He disappeared into a foreign prison
In late summer, Yoon found out Ice She transferred Jim to its staging facility in Alexandria, in central Louisiana, from where detainees are typically deported. I called Yoon Ice To find out where the agency was planning to send him. Ice She never responded to her emails. At that point, “more alarm bells started ringing,” Lee Yun told me.
Then, on the morning of September 8, Jim Pune called in a panic. “I’m in Ghana!” He shouted. Yoon rushed to gather information about Jim and the other detainees who were being held with him. Four days later, she and her colleagues filed an urgent lawsuit, drawing life-or-death fears for five of them. The next morning, I received a phone call from all eleven individuals detained at the Boundasi training camp, who asked me to describe their ordeal. “They didn’t tell us where we were going,” Jim said that morning. “They kidnapped us overnight and took us out.”
For months, I have been trying to document the Trump administration’s secret deportations to third countries. At first, accessing any information was difficult. Some of the deportees were held in remote prisons or detention centres; Others have gone into hiding. Friends and relatives in the United States often felt afraid to speak out, for fear of retaliation. “I don’t know that the article you are considering is necessarily writeable now,” the leading lawyer on the issue, Anwen Hughes, of the group Human Rights First, wrote to me in late July.

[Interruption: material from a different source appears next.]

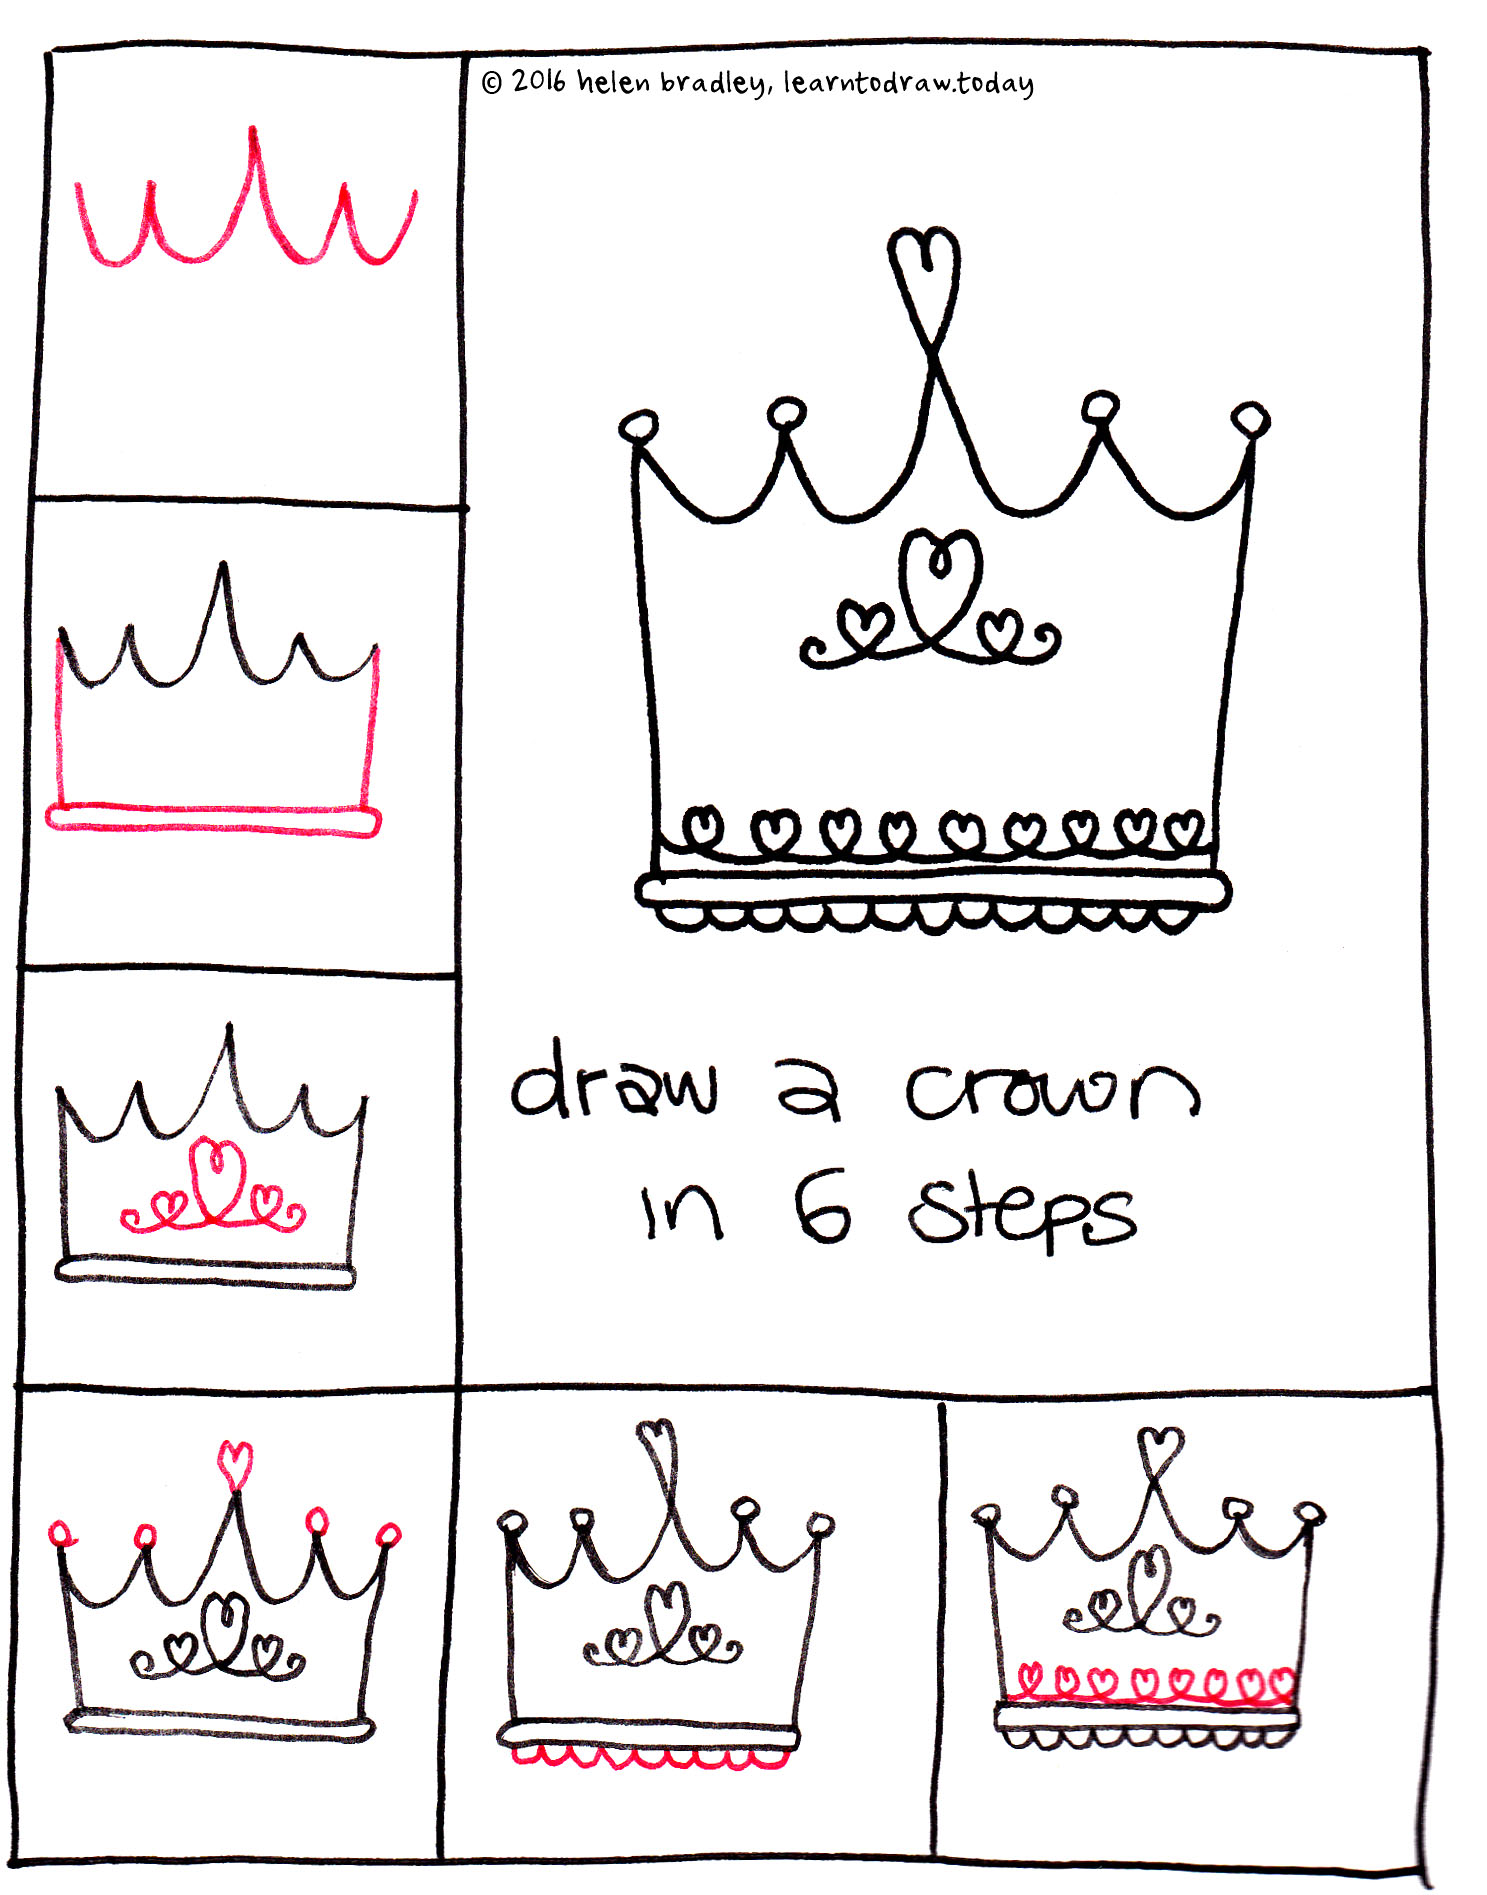 How To Draw A Crown Step By Step

Initially, I focused on two groups of third-country deportees, known to human rights lawyers as the “South Sudanese Eight” and the “Eswatini Five.” The first group, from countries such as Myanmar, Mexico and Laos, were deported in early July, to South Sudan, a country struggling to recover from a civil war. Days later, a second group of five men from Cuba, Jamaica, Laos, Vietnam and Yemen, all of whom had lived in the United States for many years, were deported to the southern African nation of Eswatini, formerly known as Swaziland. There, they were detained in a high-security prison, without clear justification.
The Trump administration appears to have carefully selected these deportees to test a new approach to mass deportation. According to the Department of Homeland Security, they were all convicted of serious crimes, including murder. While announcing the trip to Eswatini, Tricia McLaughlin, a spokeswoman for the Department of Homeland Security, described the five deportees as “so uniquely barbaric that their home countries refused to take them back,” a claim denied by at least one country. Arguably the most surprising part of these early takedowns was also the least understood. The matter was not limited to sending these men to countries where they had no relations, and to unsafe places. It was the case that in many cases, men who had completed their sentence in the United States years ago were now being held indefinitely abroad.
The broader strategy of forced transfer to a third country had clear political roots. On January 20, the first day of Donald Trump’s second term, Trump issued an executive order titled “Secure Our Borders,” which announced, among other things, the intention to expand the use of third-country deportations. On February 18, the Department of Homeland Security issued an internal memorandum of guidance, ordering immigration officials to “review and deport” all cases “on the non-detainer list” — that is, anyone with an immigration case who was not on the list. Ice Bail. As part of this review, DHS officials “determine the feasibility of removal to a third country” — and if they find that removal to a third country is feasible, they attempt to detain the person. The first large-scale deportations to a third country occurred that month and targeted newly arrived asylum seekers. Between February 12 and 15, the United States sent two hundred and ninety-nine people – from countries such as Afghanistan, Cameroon, Somalia, and Iran – to Panama. On February 20 and 25, the United States sent an additional two hundred people, including eighty-one children, to Costa Rica. Shortly thereafter came third-country deportation flights to Uzbekistan and El Salvador, where more than two hundred and fifty non-Salvadoran immigrants were detained in the brutal Terrorist Detention Center, also known by its Spanish acronym. Sekot. Some men were detained Sekot They were taken there as part of another third-country removal experiment: the president declared that the United States had been “invaded” by the Venezuelan Tren de Aragua cartel, allowing the supposed gang members to be removed. (In June, U.S. District Judge James Bosberg found that the government violated these men’s rights by not giving them the opportunity to appeal their deportation.)